Below are entries. Reproduce exactly the lines between the line holding "Tricou Acasa Nike" and the line holding "popular social media platforms", inclusive, and only those.

PROVIDED RECORDS =>
·····

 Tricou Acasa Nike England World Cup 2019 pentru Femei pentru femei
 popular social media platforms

·····

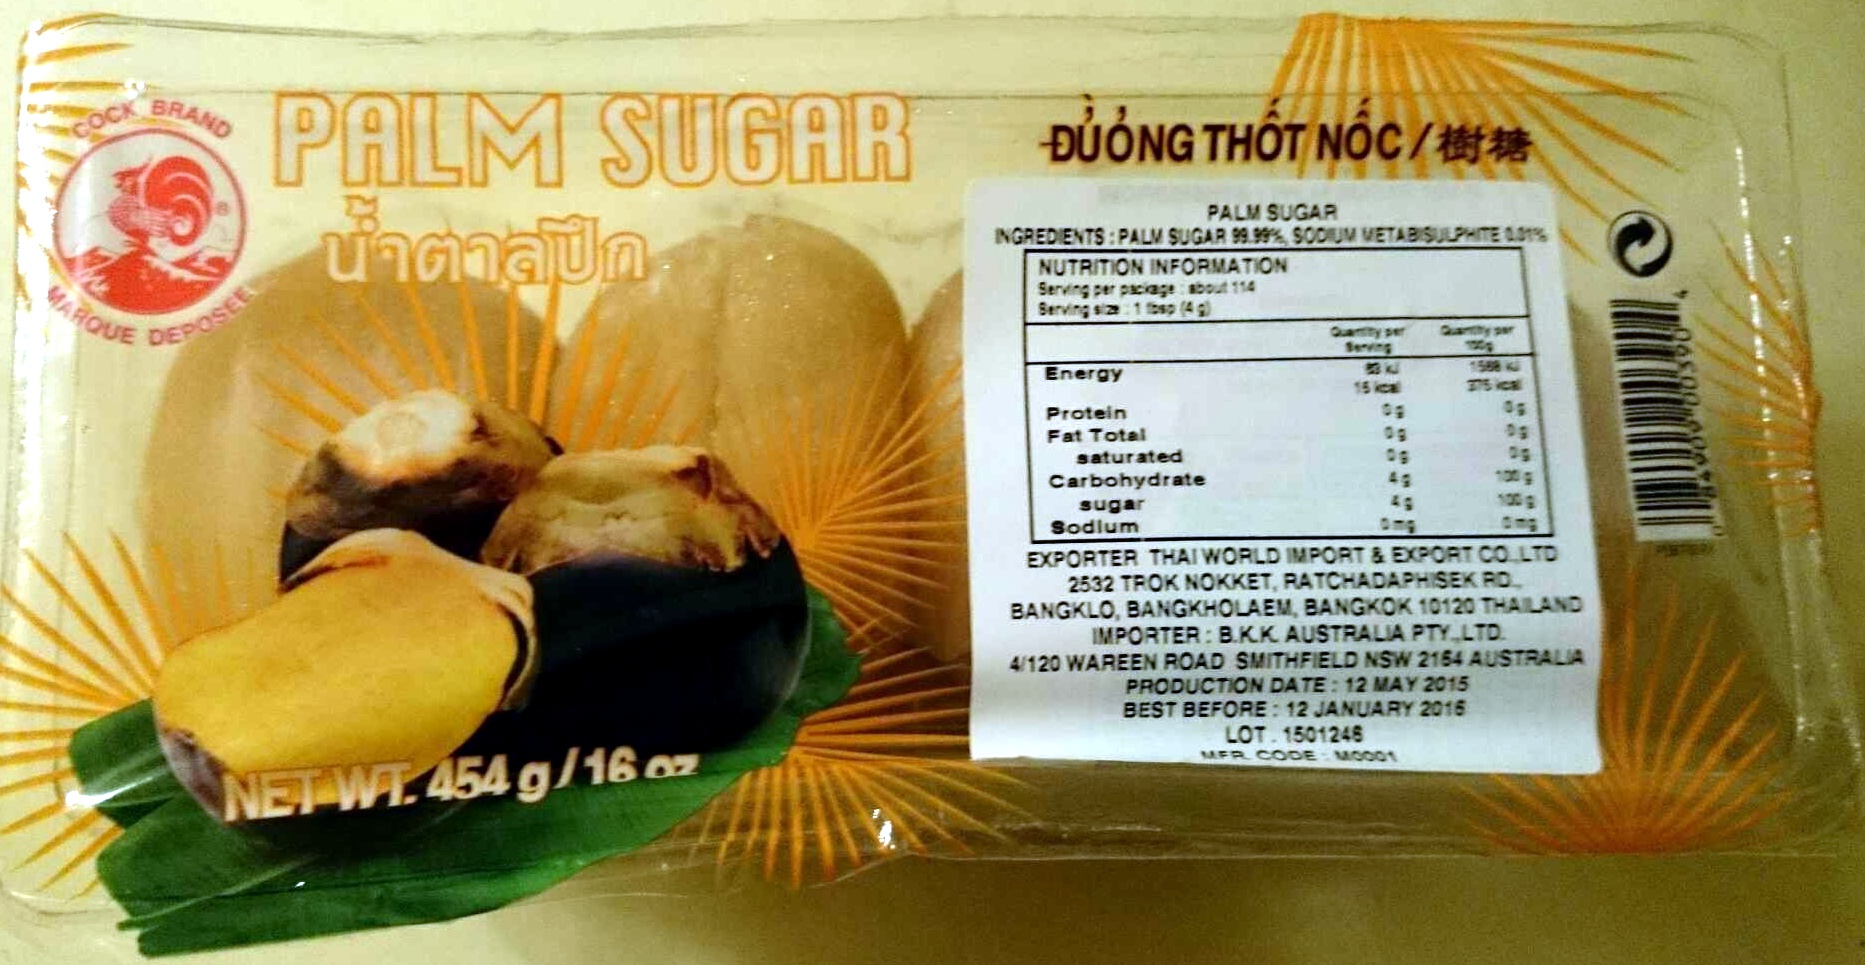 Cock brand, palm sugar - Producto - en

·····

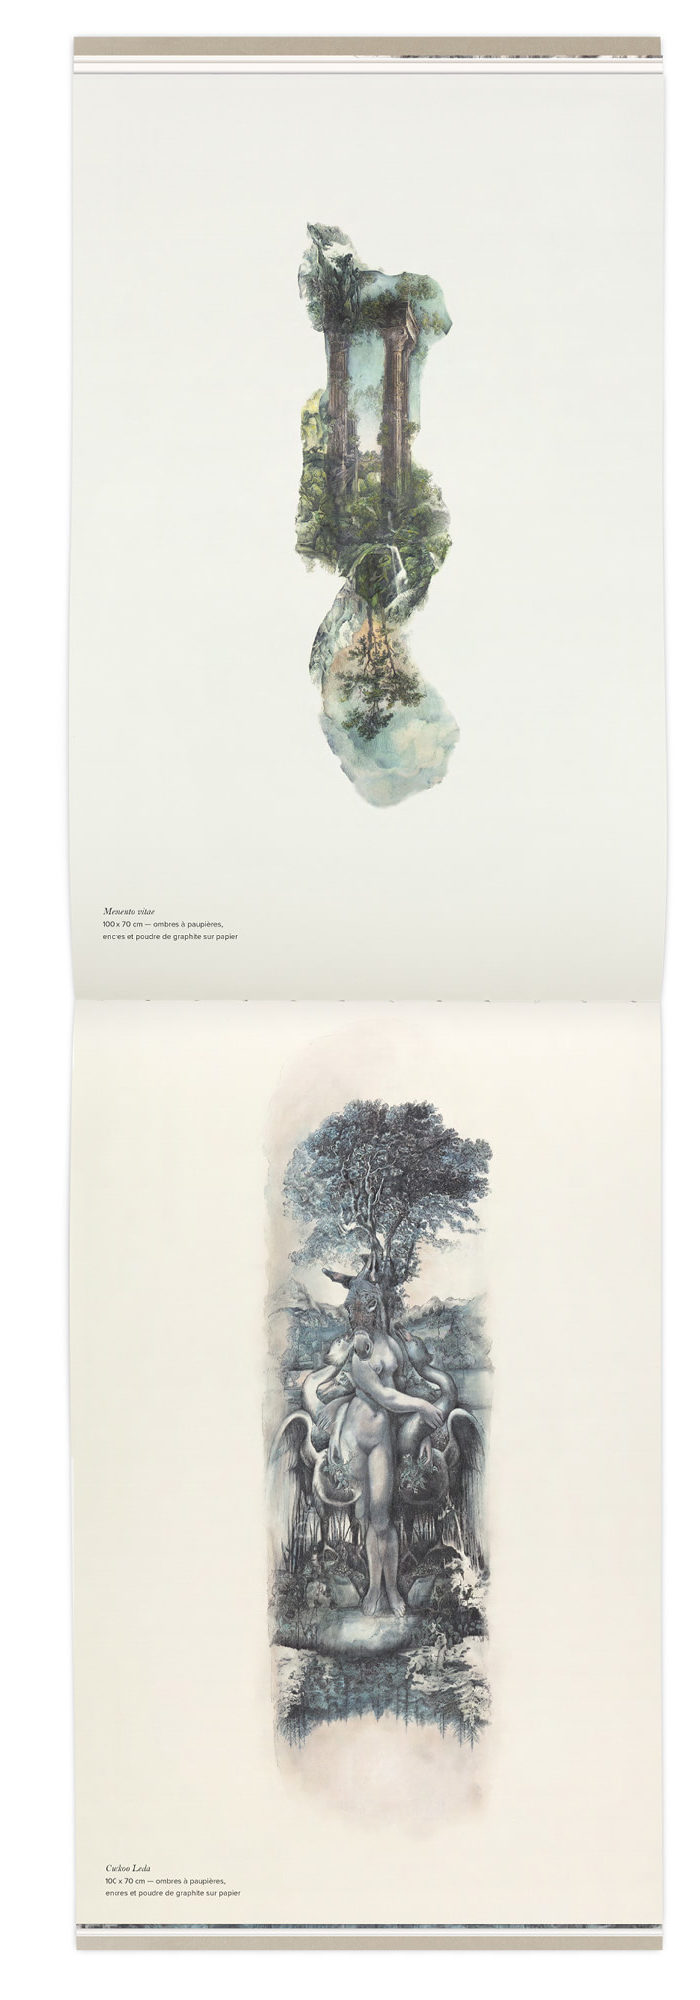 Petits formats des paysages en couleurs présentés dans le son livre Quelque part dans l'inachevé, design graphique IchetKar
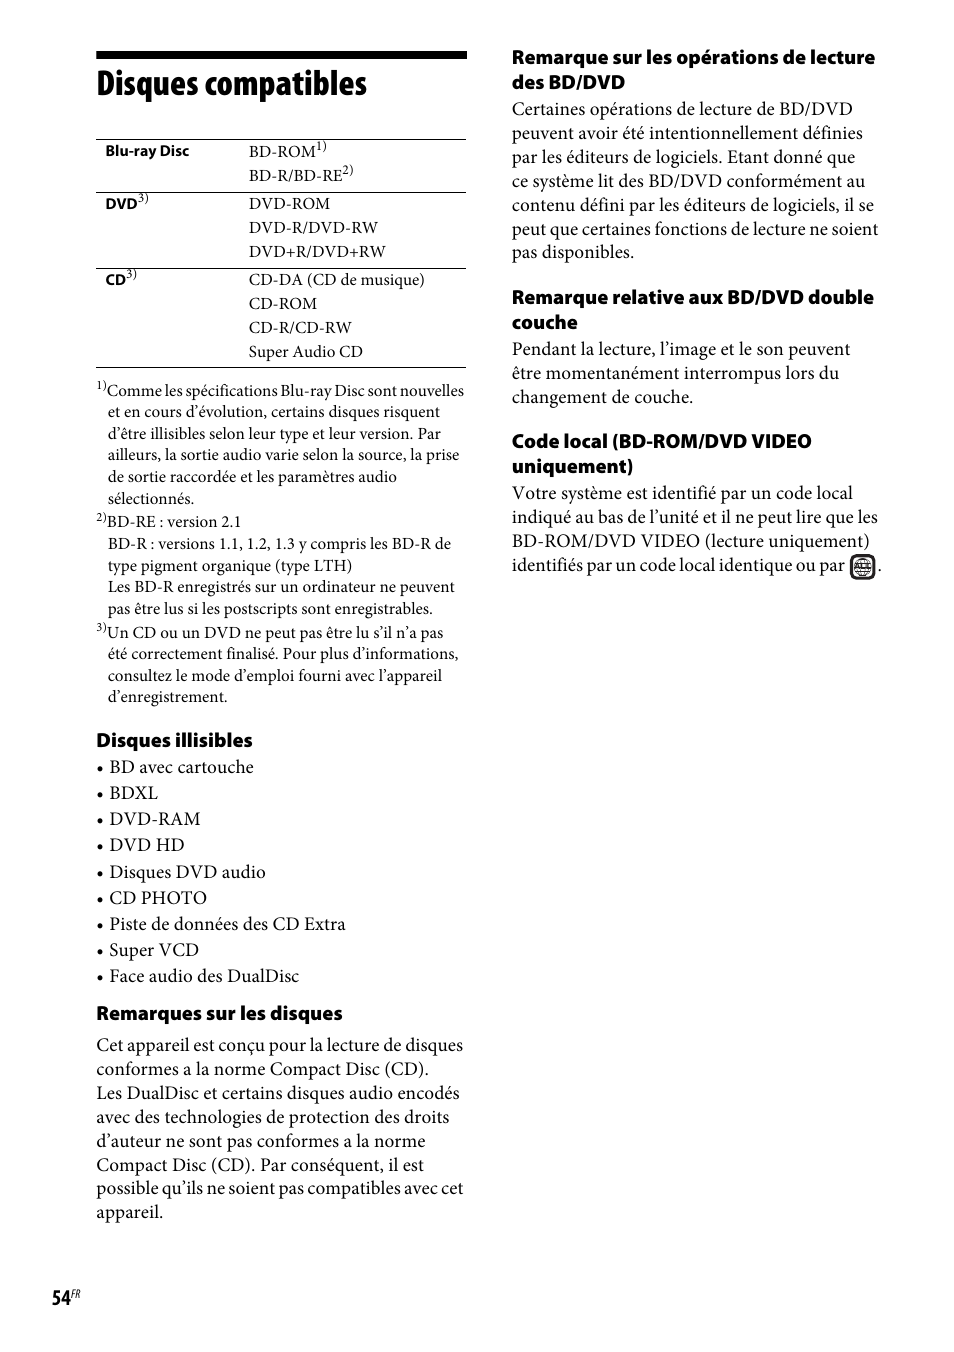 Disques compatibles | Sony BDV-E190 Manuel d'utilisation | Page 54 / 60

·····

WORKED SOLUTION =>
 Tricou Acasa Nike England World Cup 2019 pentru Femei pentru femei
 popular social media platforms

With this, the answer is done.